When the confluence of a solar storm and the collapse of the Antarctic ice shelf ignites the atmosphere like grease, those who are able hide behind their walls and masks, seeking the promise of a seductive—and dangerous—future. As the earth erupts in flames, department store heir and editor Jack Finnegan faces his own inevitable death from AIDS in his family's decrepit mansion near the Hudson River—that is, until an old friend offers him a miraculous cure . . .

Christian singer Trip Marlowe has found worldwide success, but the dynamic rock star retains his strict morality and faith. Temptation comes in the form of a mysterious blond waif and IZE, a new drug more addictive than crack and heroin . . .

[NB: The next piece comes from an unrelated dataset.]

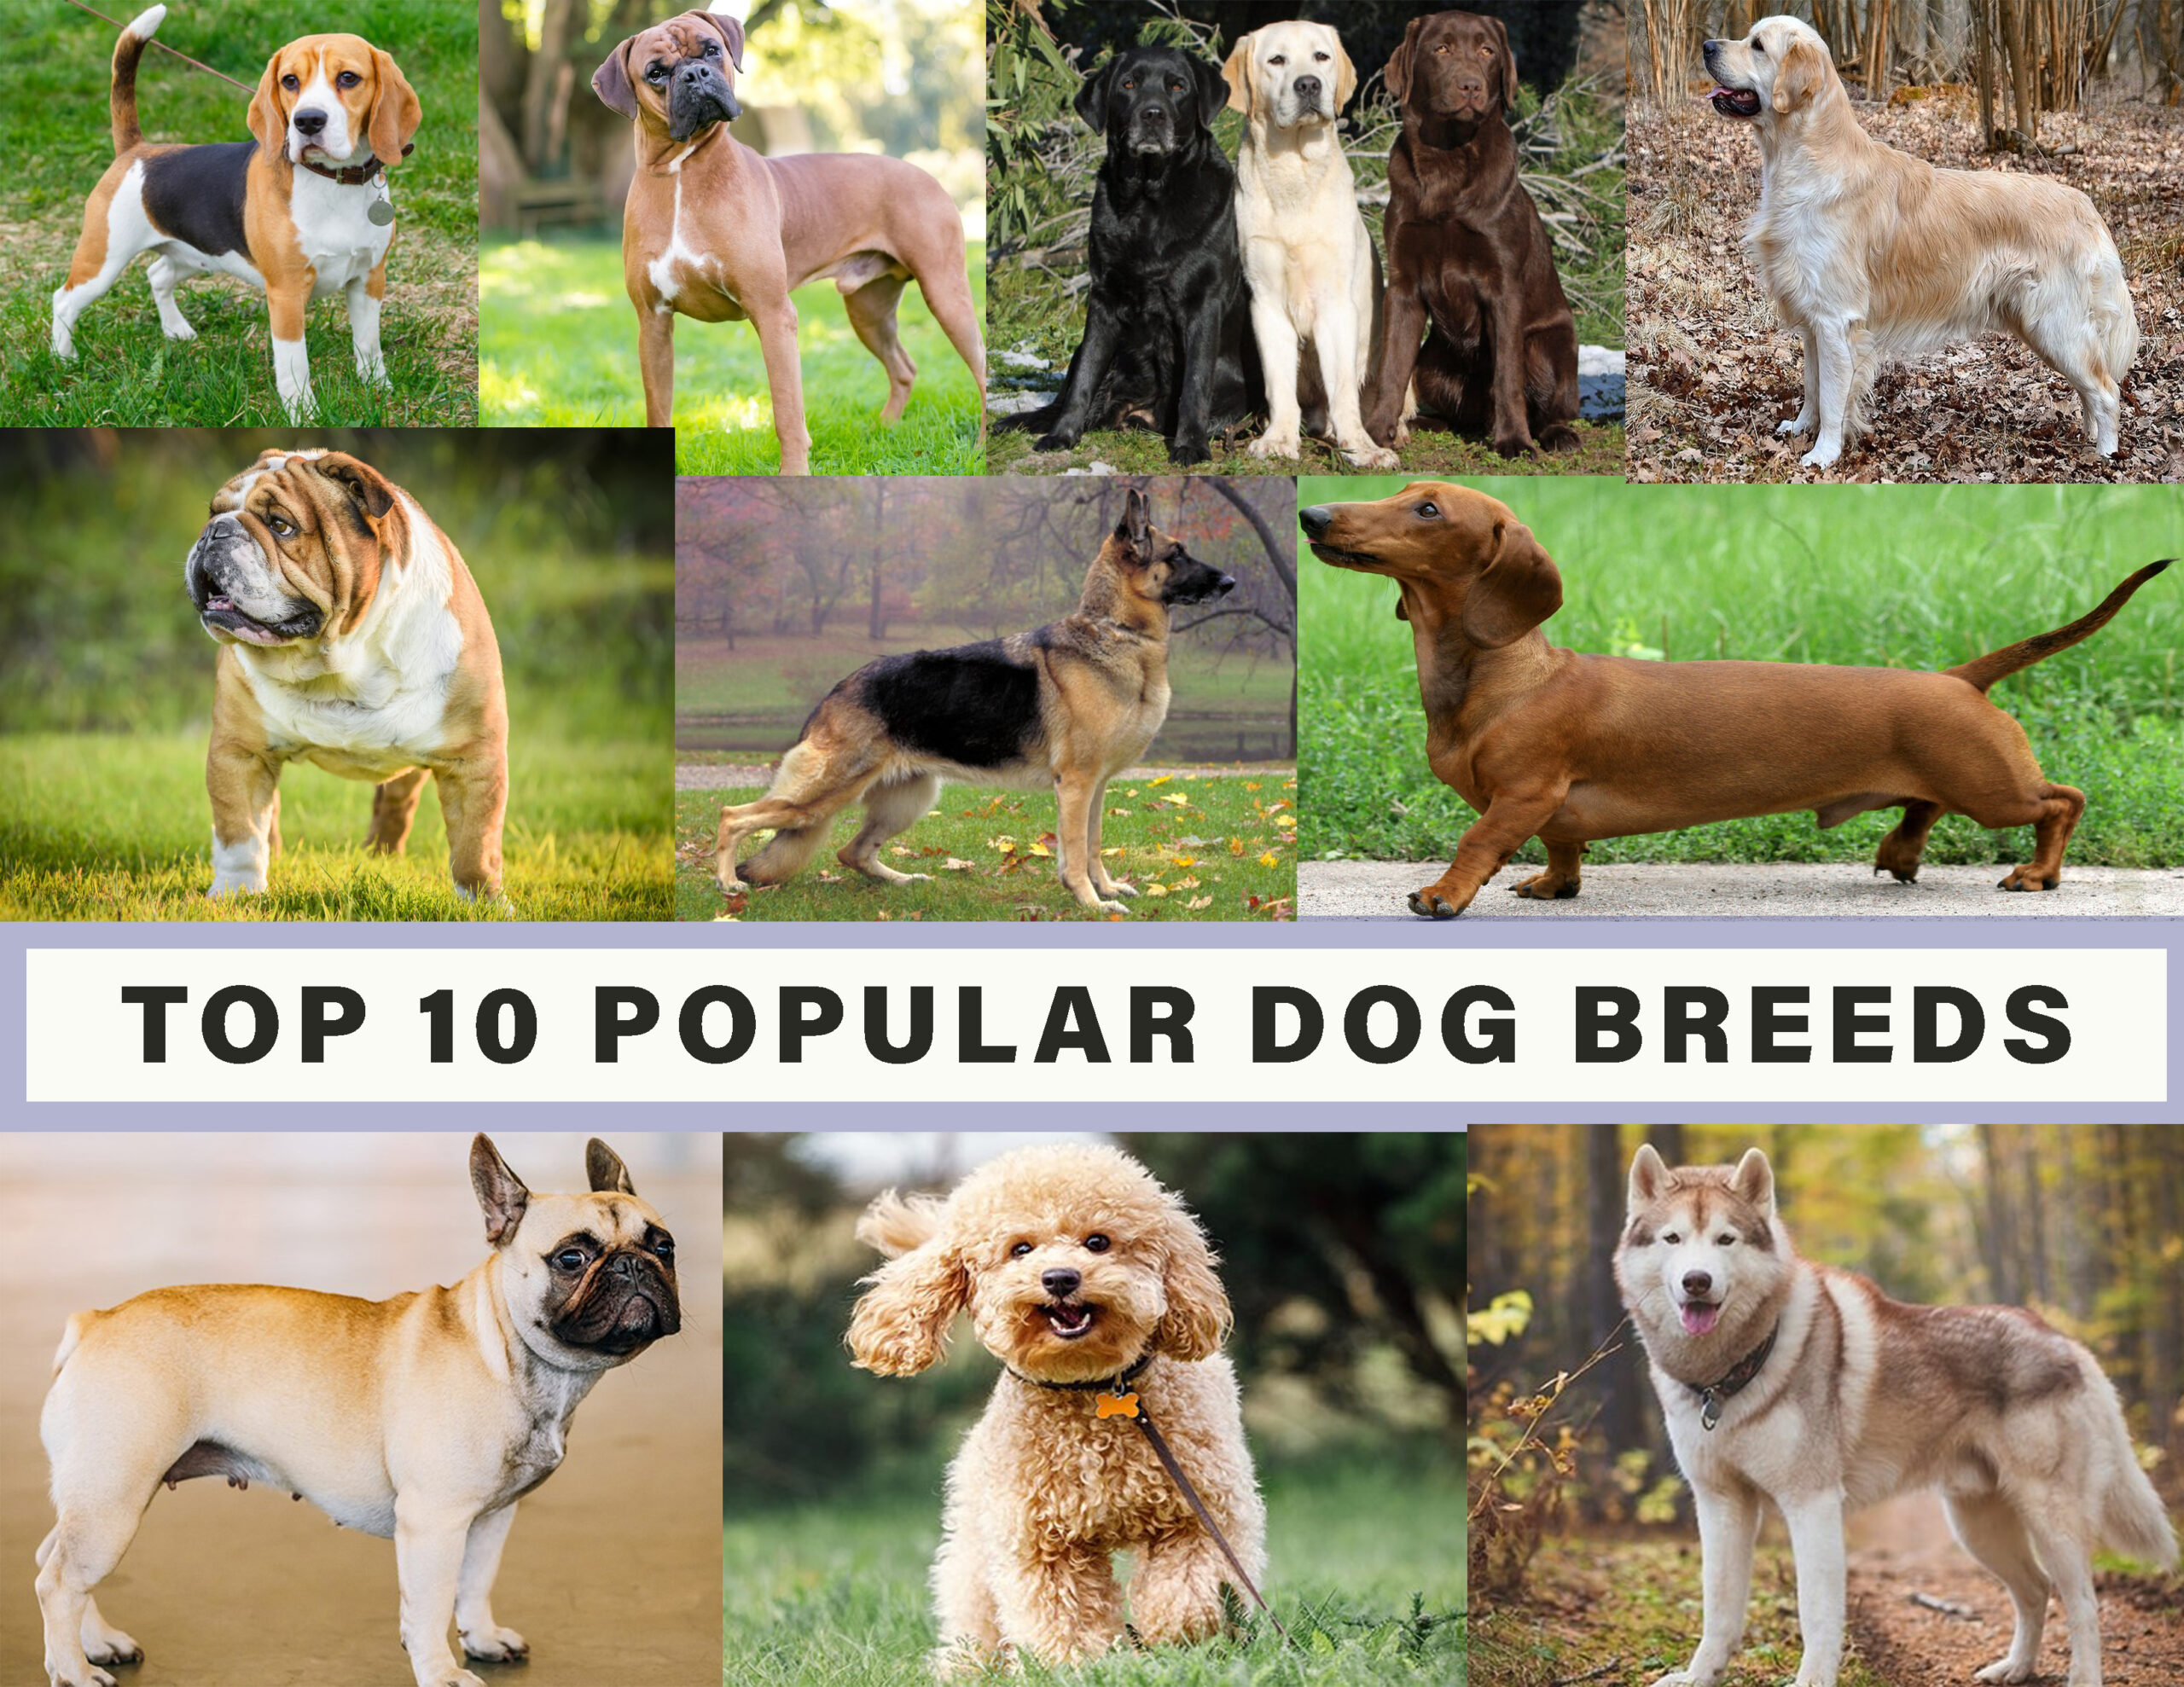 Popular Dog Breeds

The two men will find themselves on a bizarre collision course as a dark and powerful force seeks to shape what's left of humanity's consciousness.

CURATOR'S NOTE

•This is Elizabeth's third appearance in the current series of weird fiction StoryBundles, with good reason. Her work epitomizes the modern weird genre, reinventing its tropes and altering its essence for contemporary readers. She is a true craftsman, not only of weird fiction, but writing in general. Glimmering is yet another example of the excellence she brings to all her work, this time exploring the apocalyptic side of Weird. By the time you finish this book, you will be stunned at Elizabeth's staggering talent…and utterly caught up in the twisty, shocking story of two men seeking deliverance amid the challenges of the end of the world. The characters are as captivating as the surprising narrative and layers of emotional resonance, all of it memorable in the way that the best weird fiction—the best fiction, period—always is. – Robert Jeschonek

 

REVIEWS

  • "A brutal vision of Apocalypse . . . Hand's powerful vision of these days of wrath is not so much a protracted self-pitying whisper as a Nietzschean insistence on salvation through creative evolution."

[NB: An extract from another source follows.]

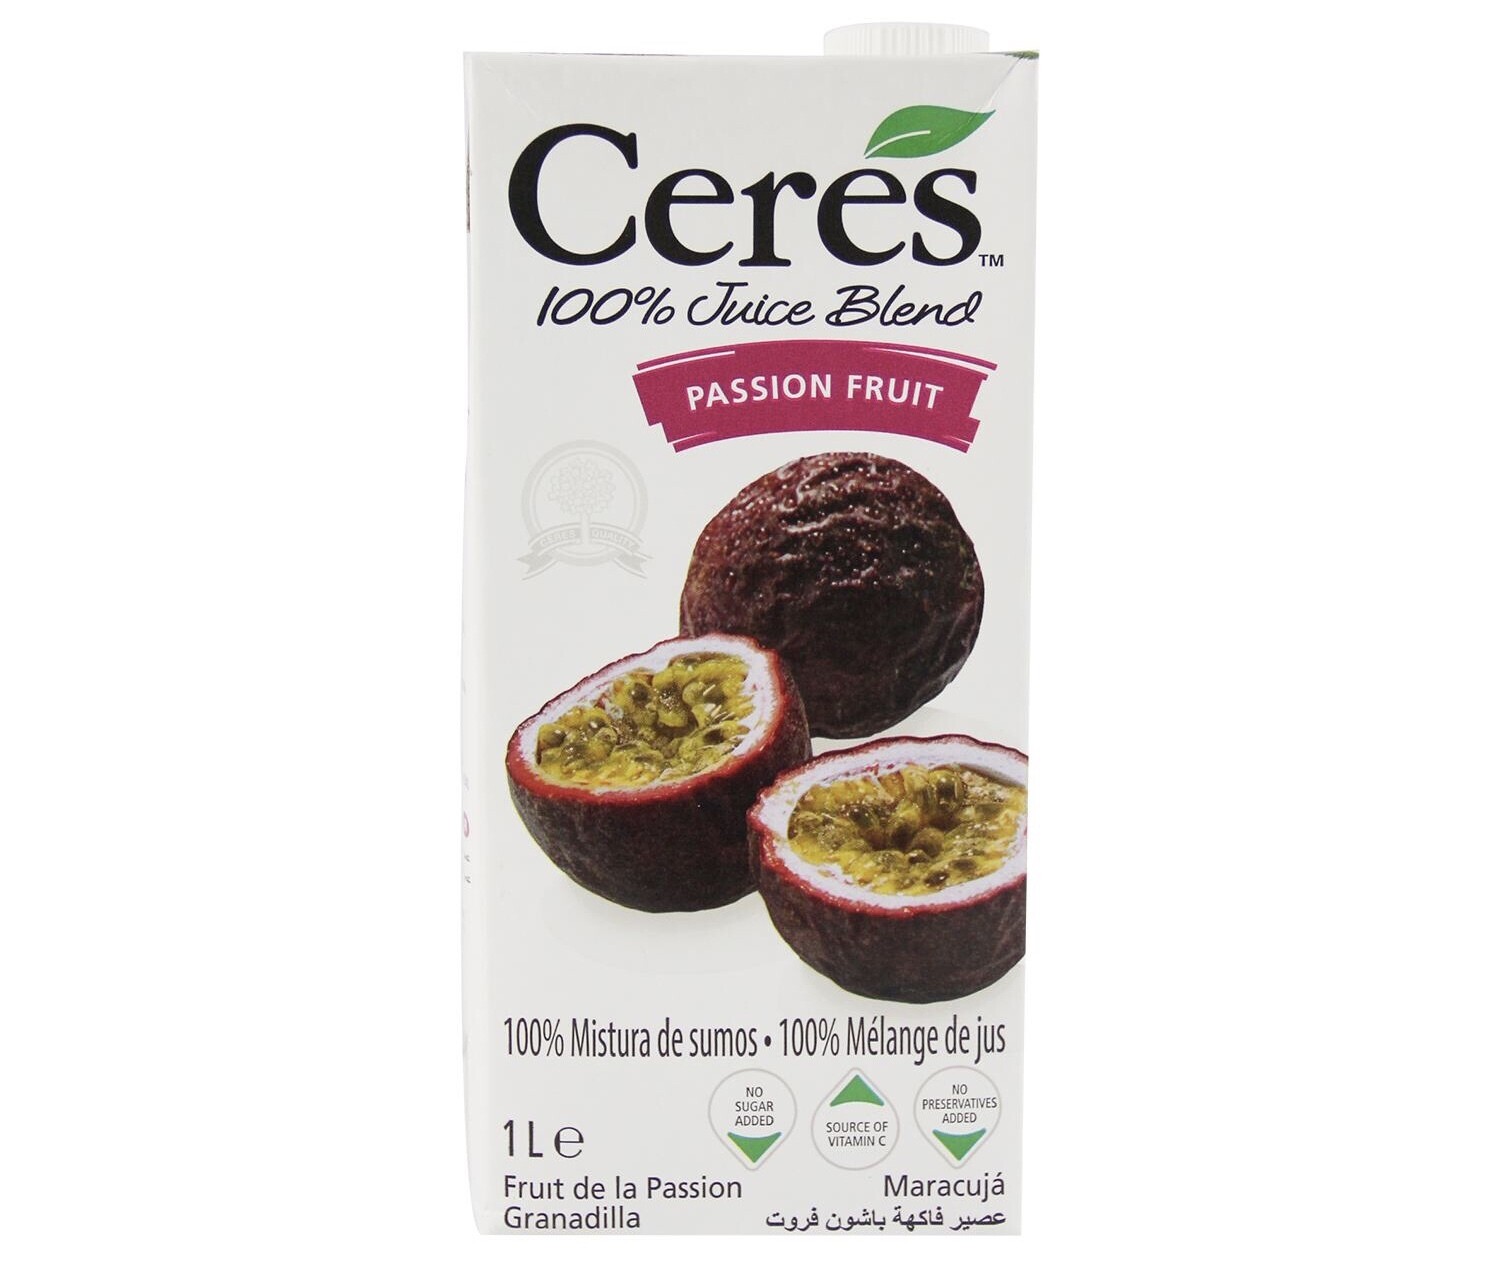 Grocery / Juice / Ceres Passion Fruit Juice

    – Publishers Weekly, starred review
  • "[A] wild, psychedelic, thoughtful thriller . . . Another dynamite read!"

    – The Des Moines Register
  • "If Stephen King set out to rewrite The Waste Land as a novel, the result might resemble Glimmering."

    – The Washington Post
 

BOOK PREVIEW

Excerpt

"Afterward he would think, We should have known it was coming. Should have seen it in the fiery darkness above the Palisades, or traced it in the flaming contrails left by disintegrating jets as they plunged into that watery cleft between the Battery and Liberty Island. Fingerprints upon a windowpane, etched in August ice; crocuses blooming in December, then November; peepers waking in the February mud to sing, too early by far, to sing again next spring, and then never to wake again.

We should have known, I should have known, he thought, a hole in the sky, the fabric of the world rent, and we the living should have known what would stream through that shimmering gap, we should have remembered before they returned to remind us: we the dying at the end of the world should never have forgotten the dead."